-- The task --
Filter the records for lines holding the string "that".

-- Data supplied --

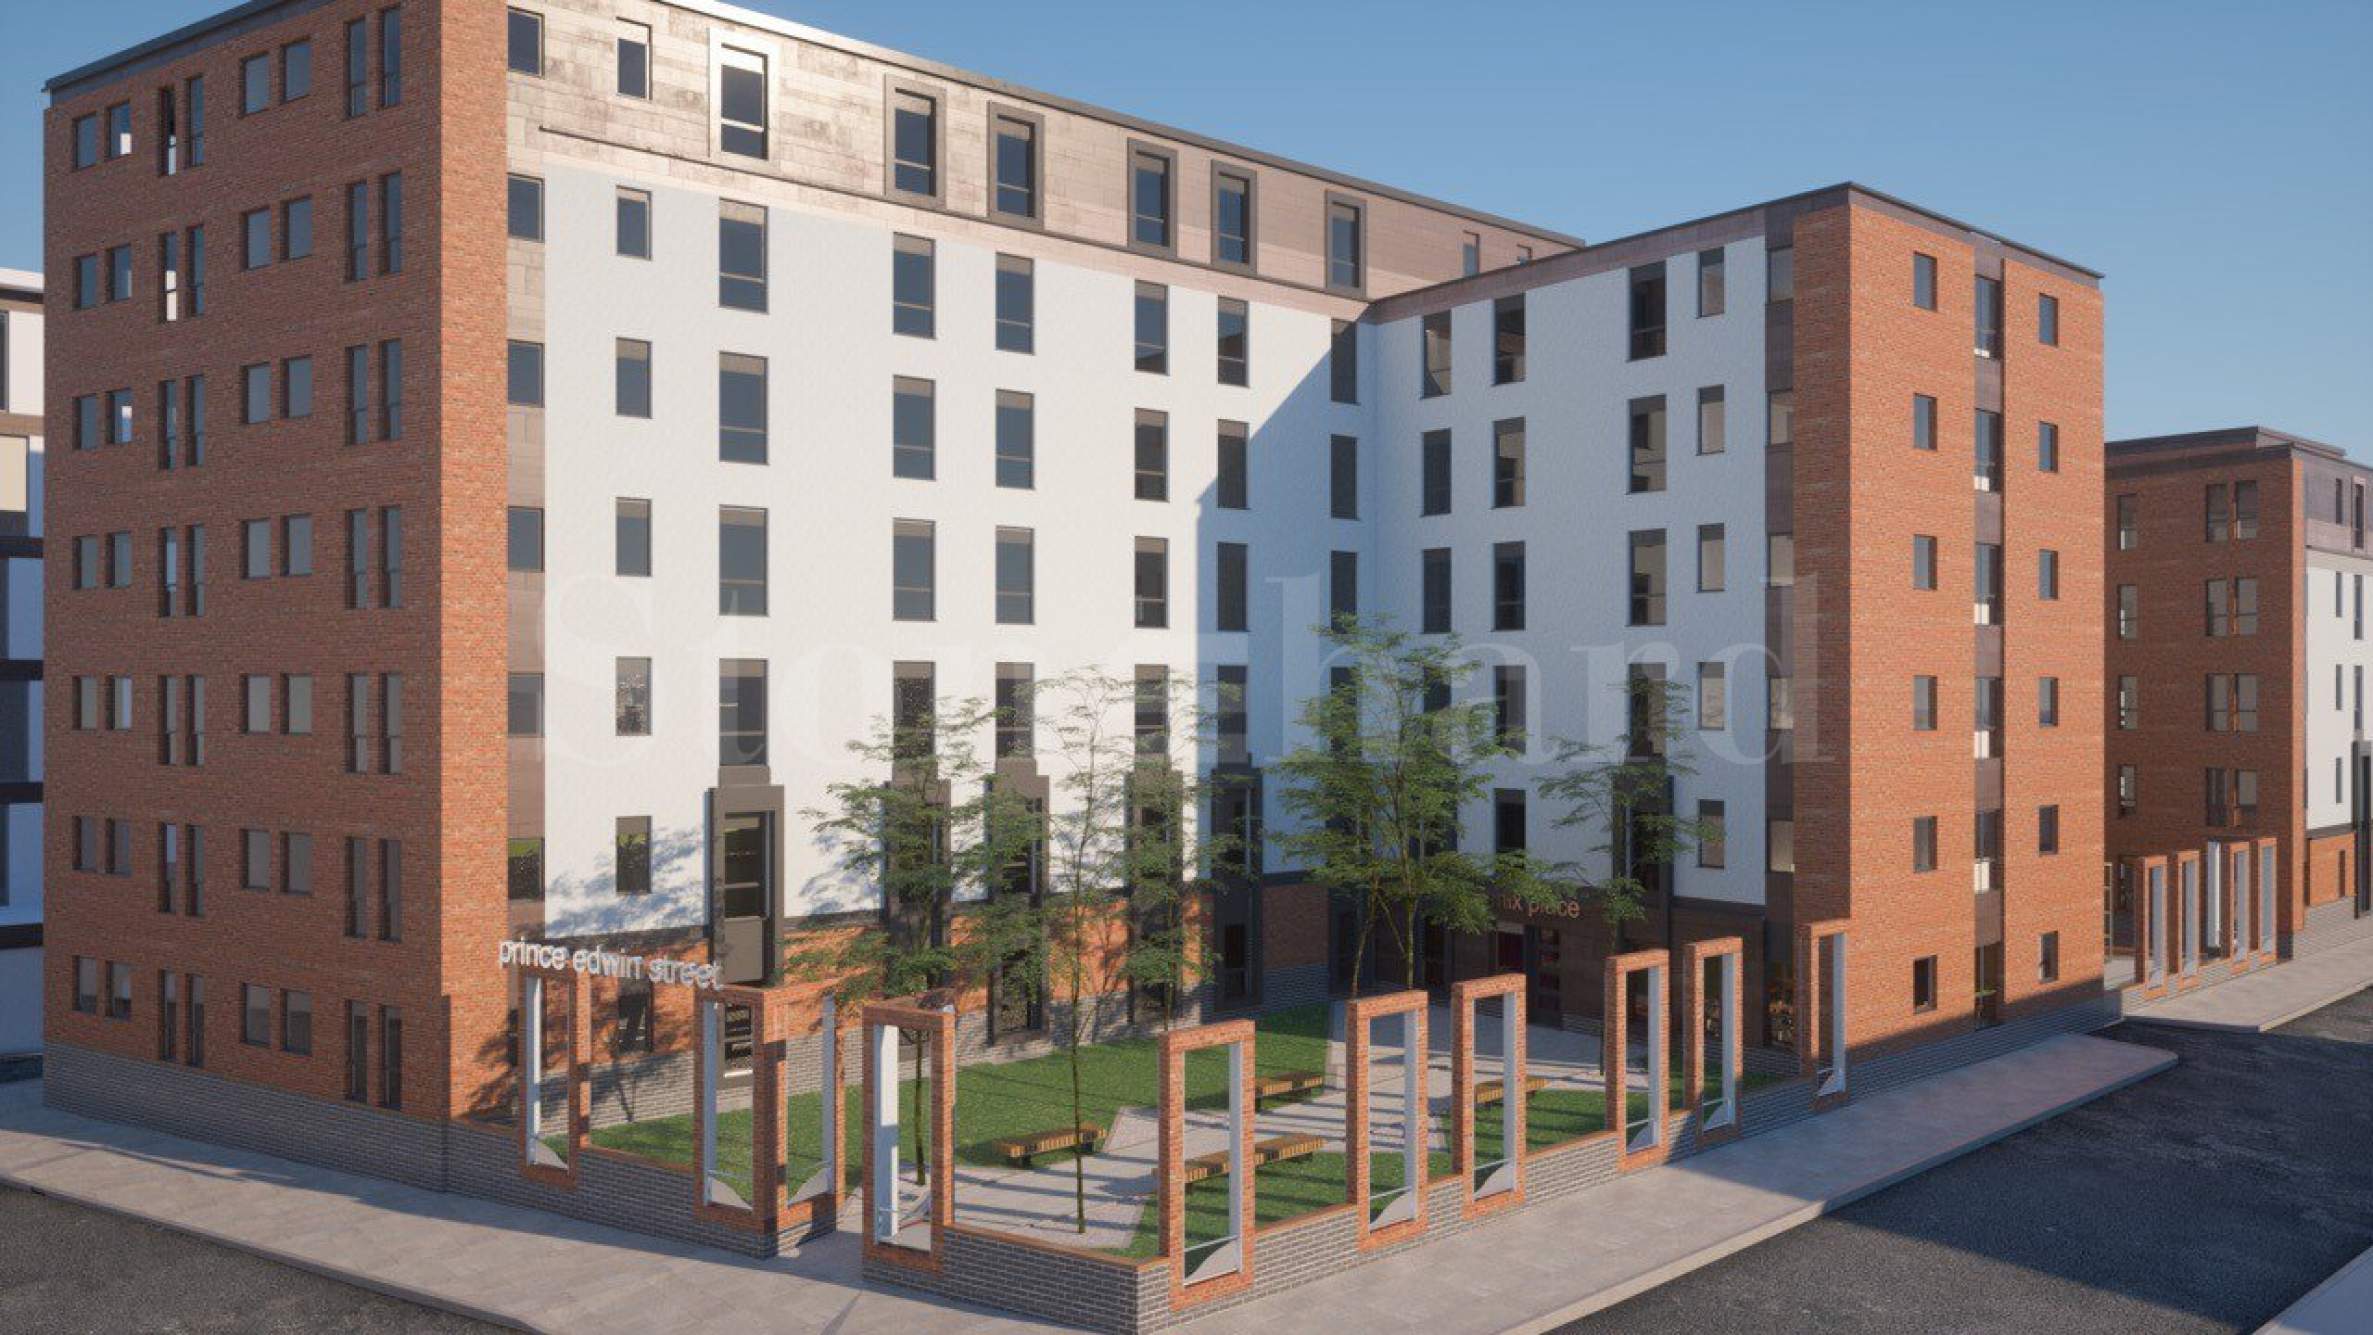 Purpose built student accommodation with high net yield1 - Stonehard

--

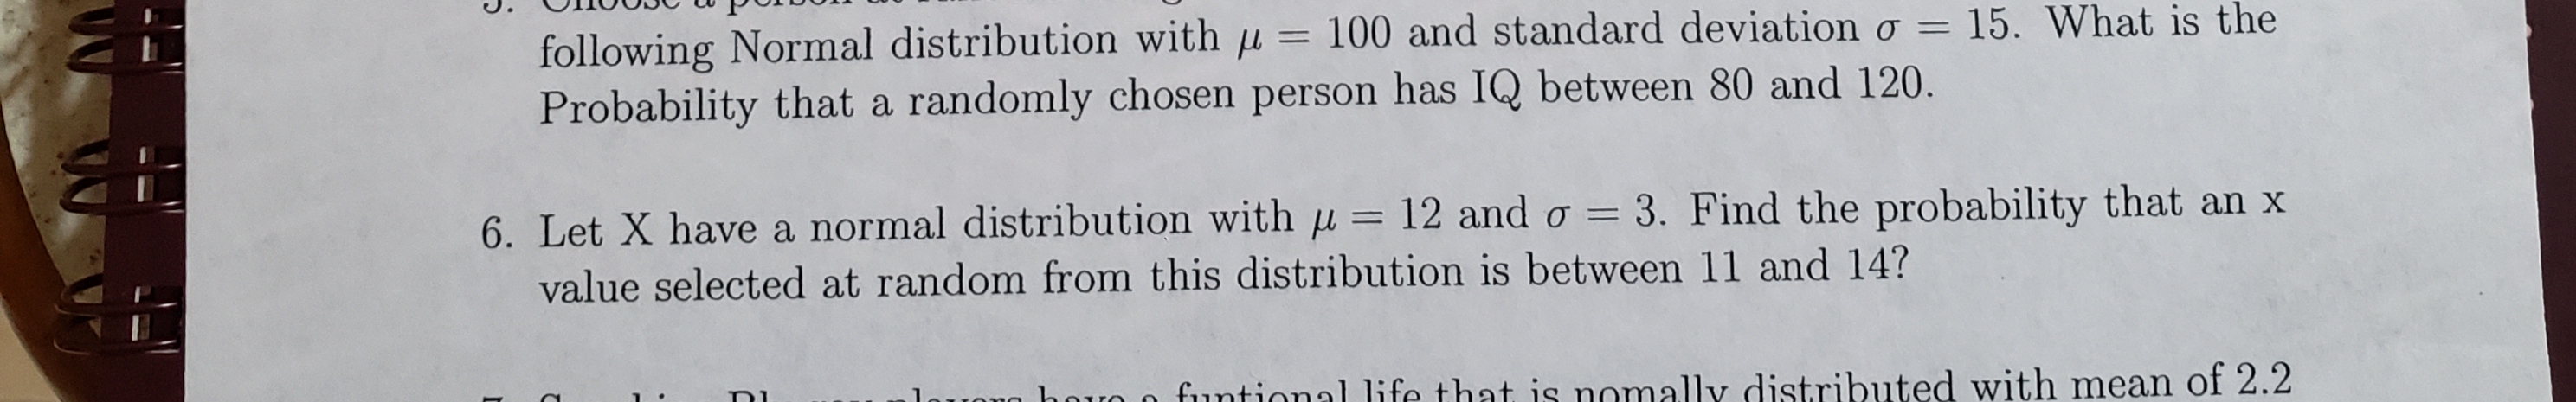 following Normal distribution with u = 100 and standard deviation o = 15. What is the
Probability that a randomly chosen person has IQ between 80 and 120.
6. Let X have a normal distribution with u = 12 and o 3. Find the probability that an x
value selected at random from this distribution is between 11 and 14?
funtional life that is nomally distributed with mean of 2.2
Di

-- Exercise solution --
Probability that a randomly chosen person has IQ between 80 and 120.
6. Let X have a normal distribution with u = 12 and o 3. Find the probability that an x
funtional life that is nomally distributed with mean of 2.2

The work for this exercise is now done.